» Data section:
━━━━
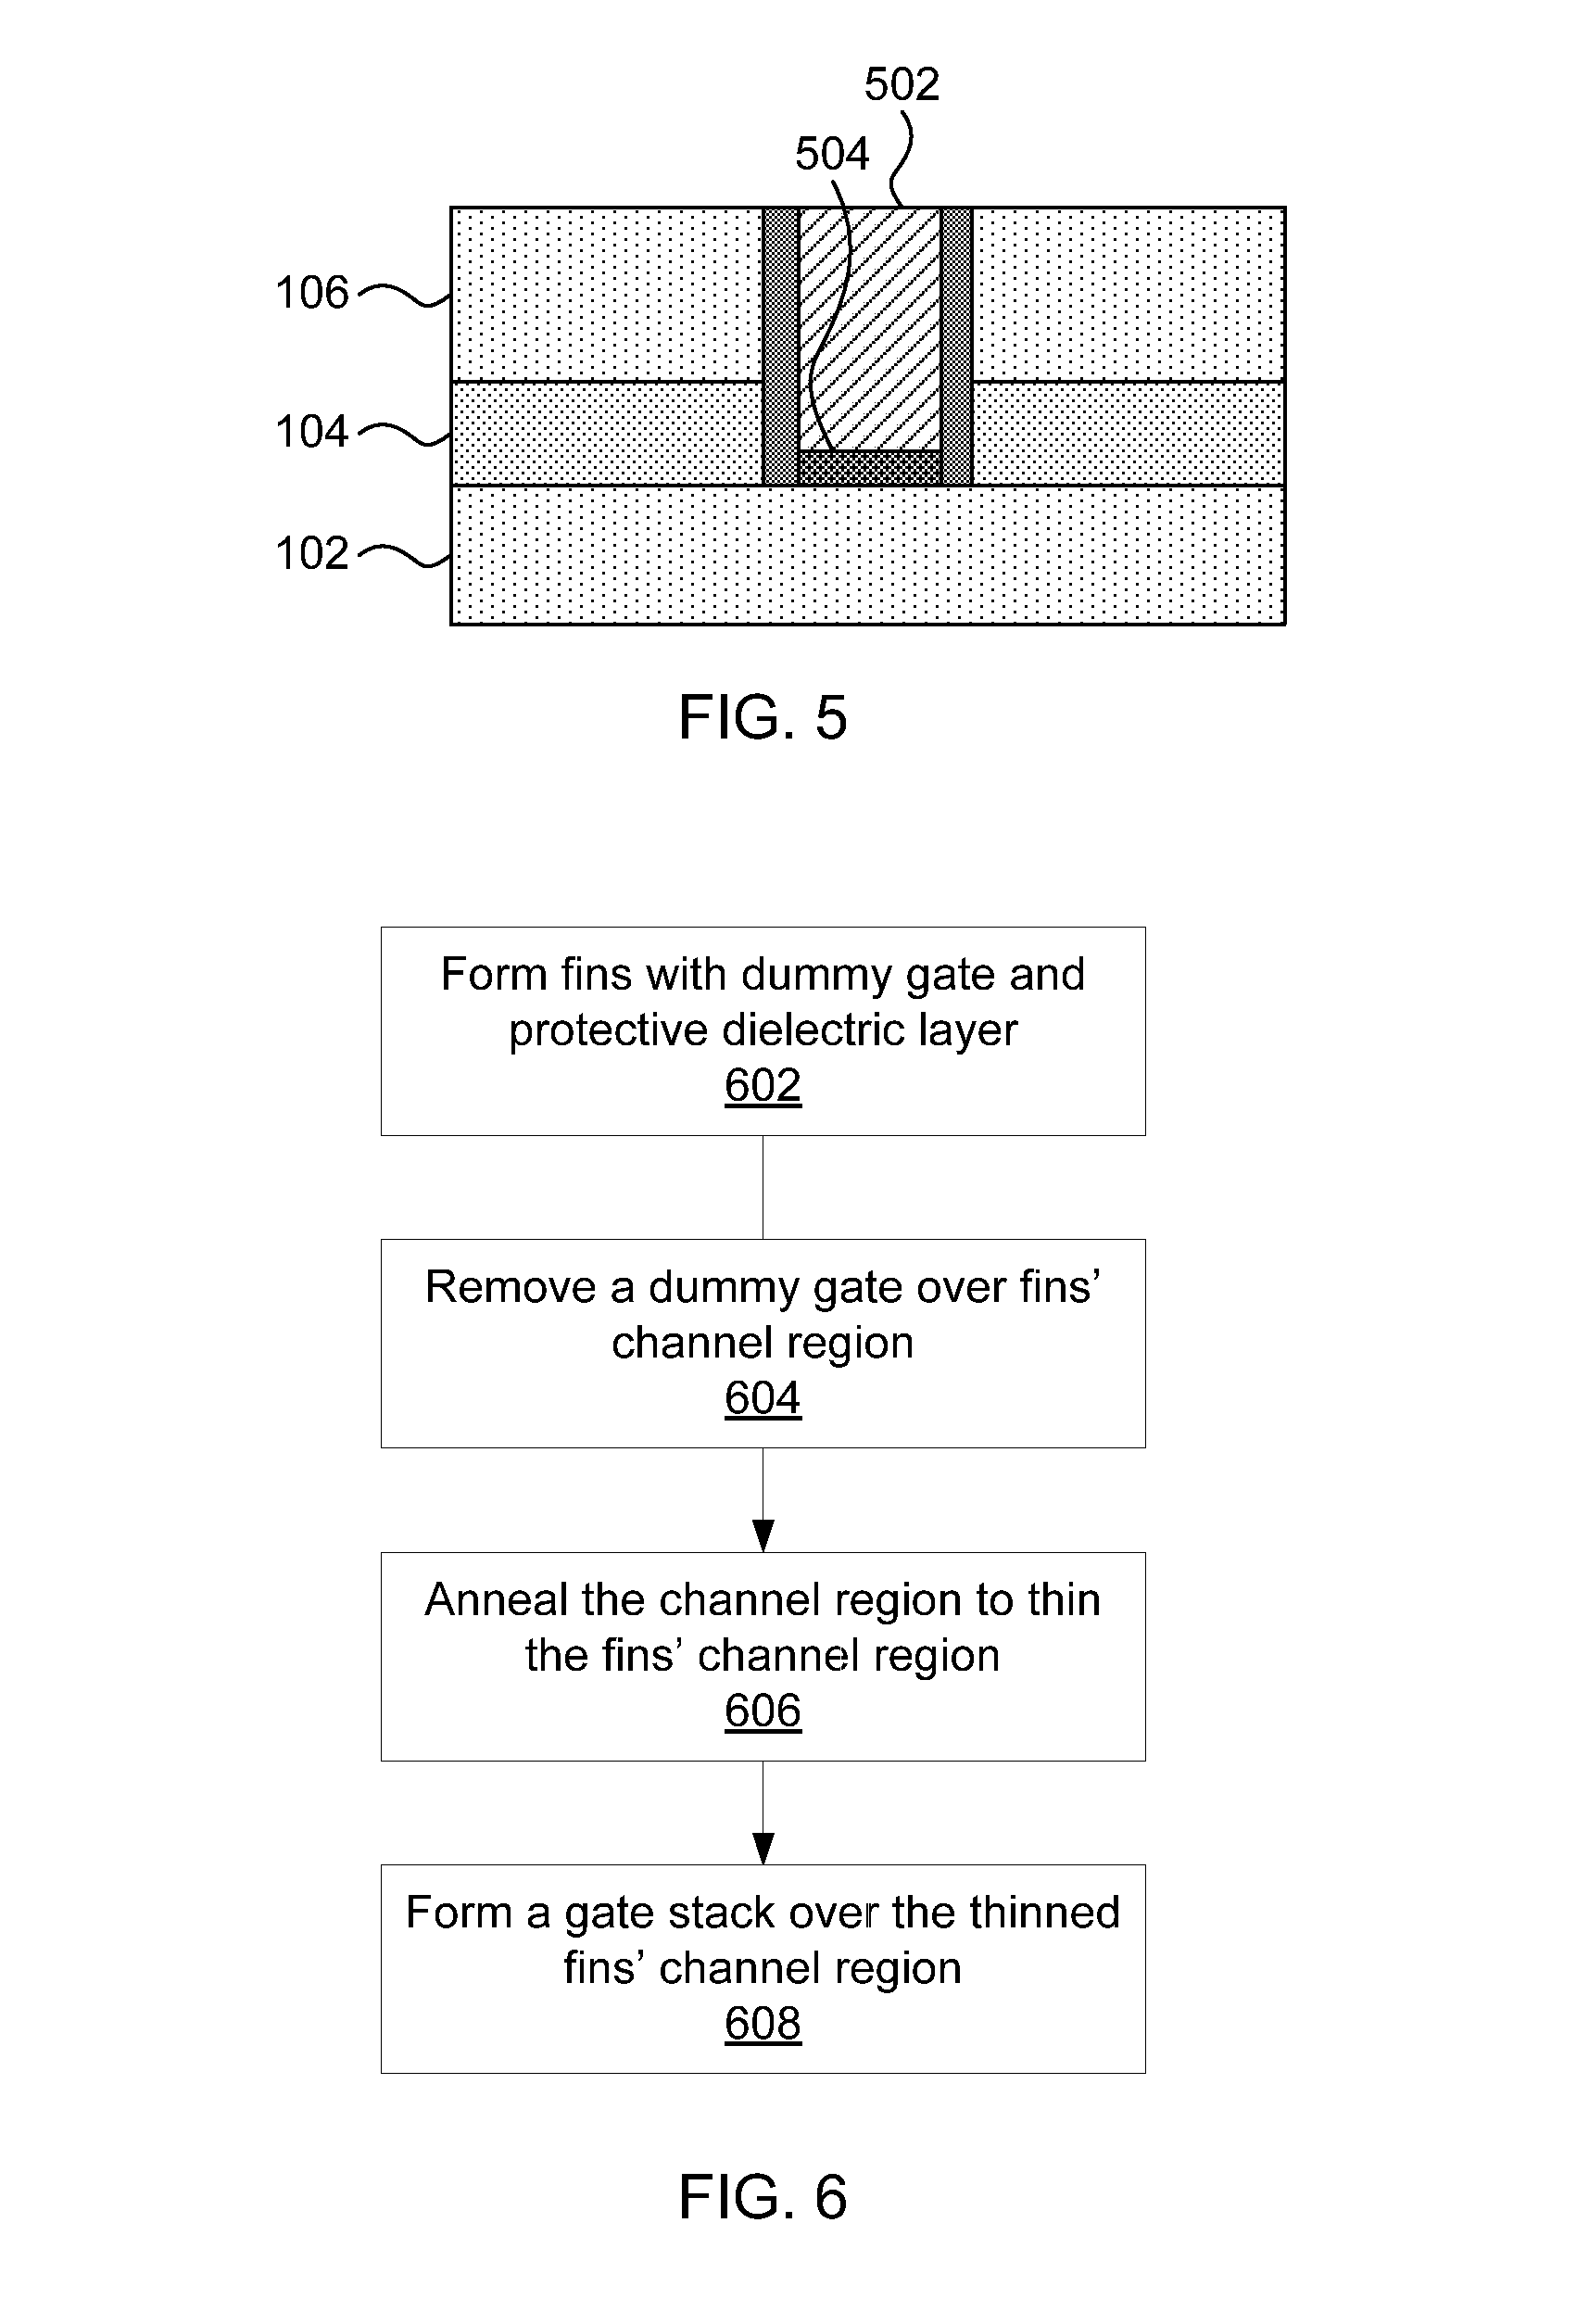 Localized fin width scaling using a hydrogen anneal
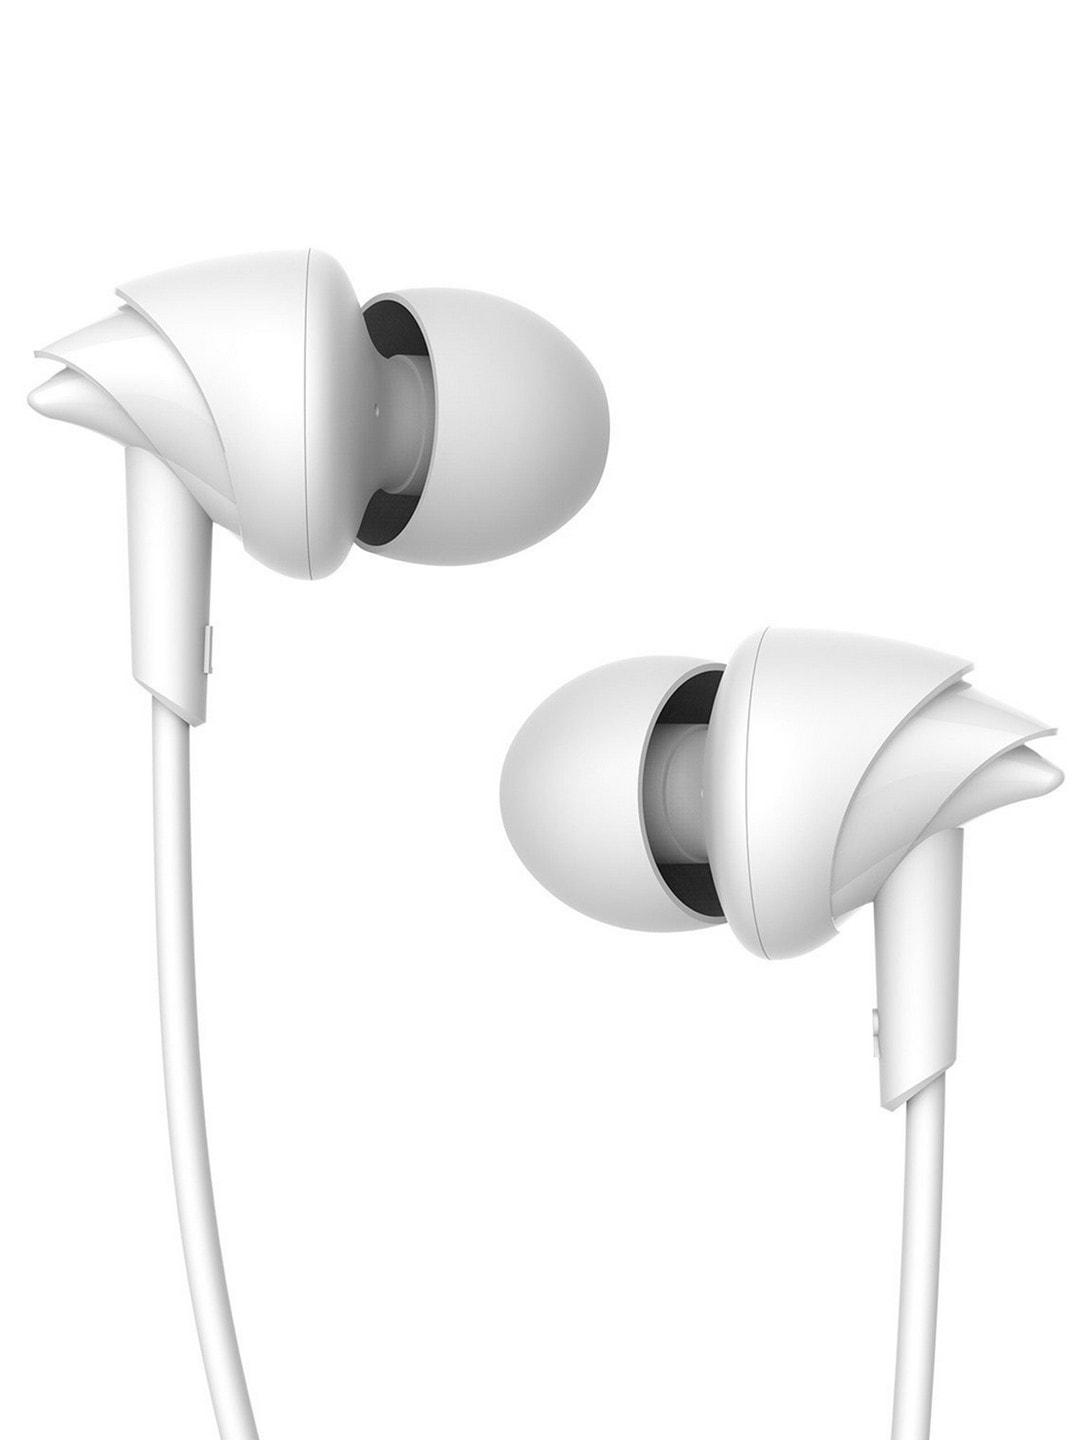 boat bassheads 100 m white wired earphones with enhanced bass hawk-inspired design & mic
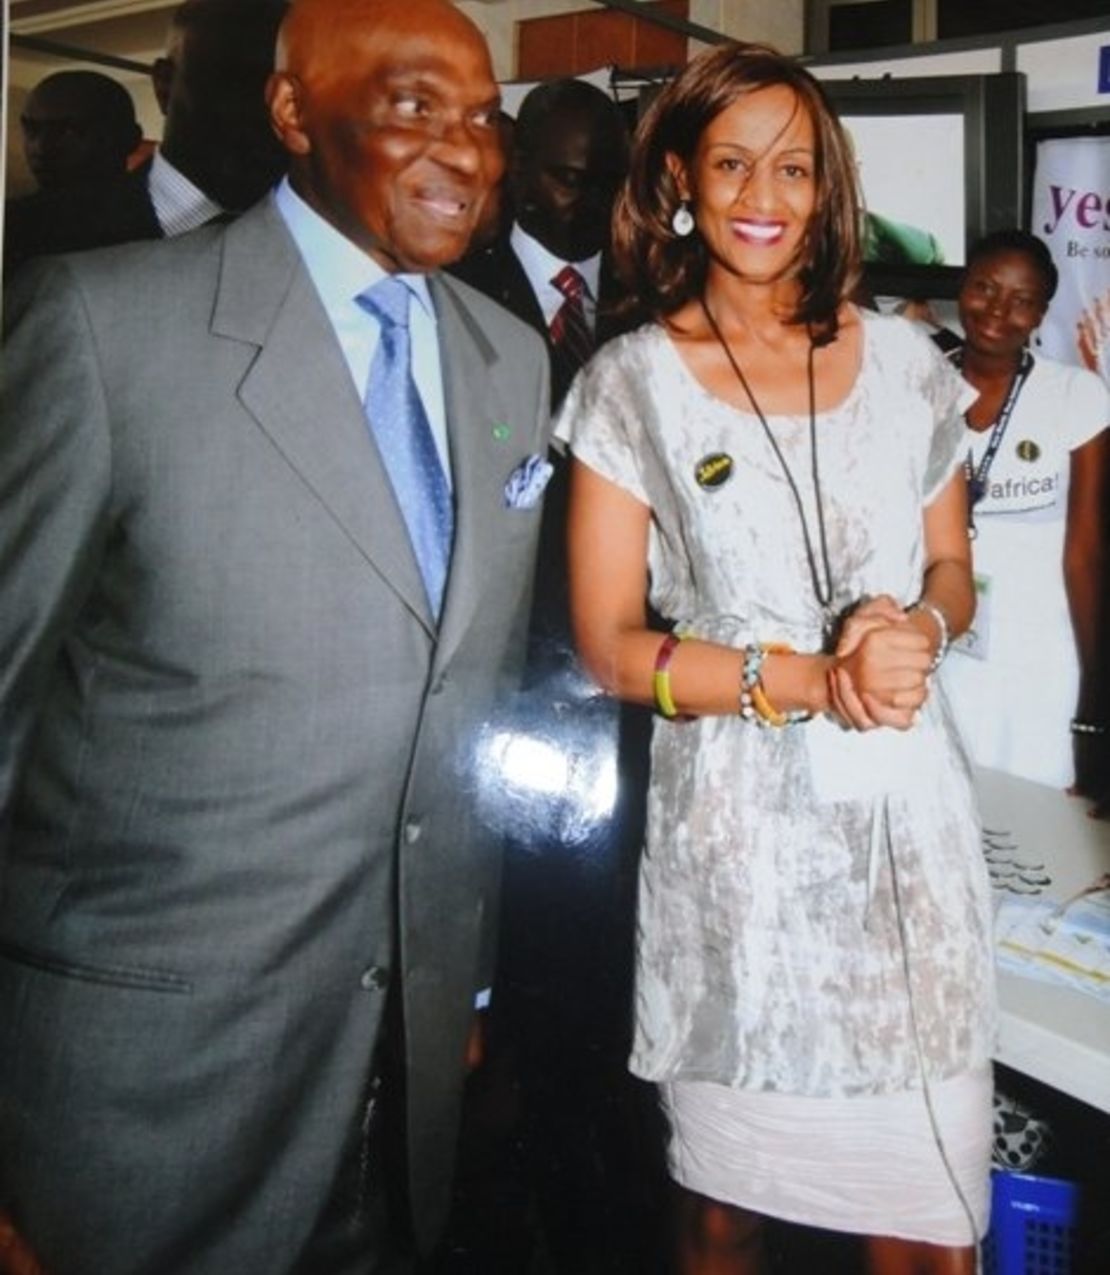 Sophia Bekele, executive director of DotConnectAfrica, alongside Senegal President Abdoulaye Wade at an ICANN conference in Dakar last month
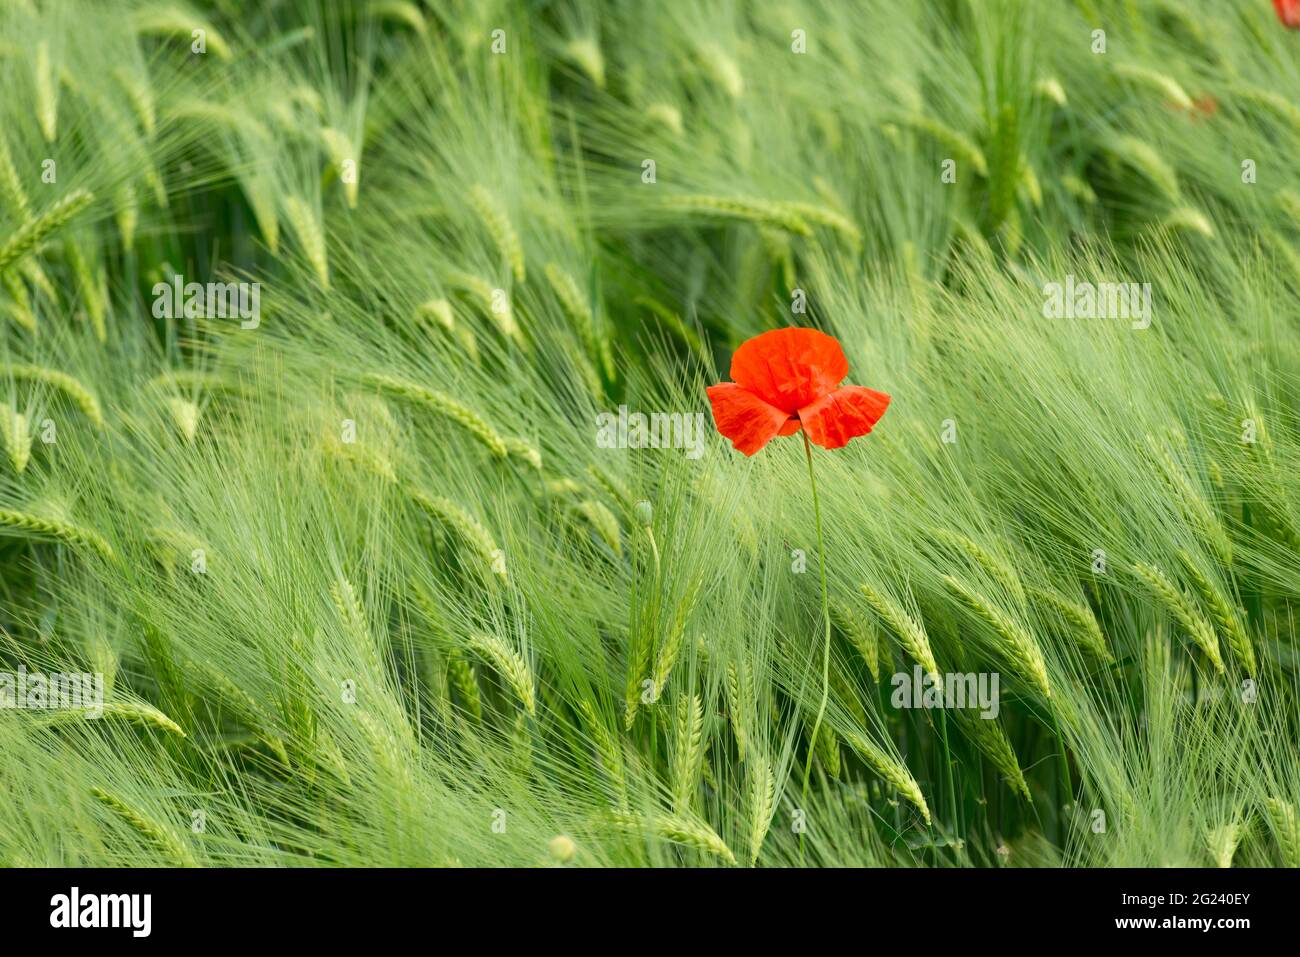 Italy, Lombardy, Countryside near Cremona,  Poppy Flower in The Grain Field Stock Photo
━━━━
» Exercise directions:
Starting with the line that contains "Sophia Bekele, executive", copy every line word for word through the end of the listing above, but leave out the pictures.

» Task output:
 Sophia Bekele, executive director of DotConnectAfrica, alongside Senegal President Abdoulaye Wade at an ICANN conference in Dakar last month
 Italy, Lombardy, Countryside near Cremona,  Poppy Flower in The Grain Field Stock Photo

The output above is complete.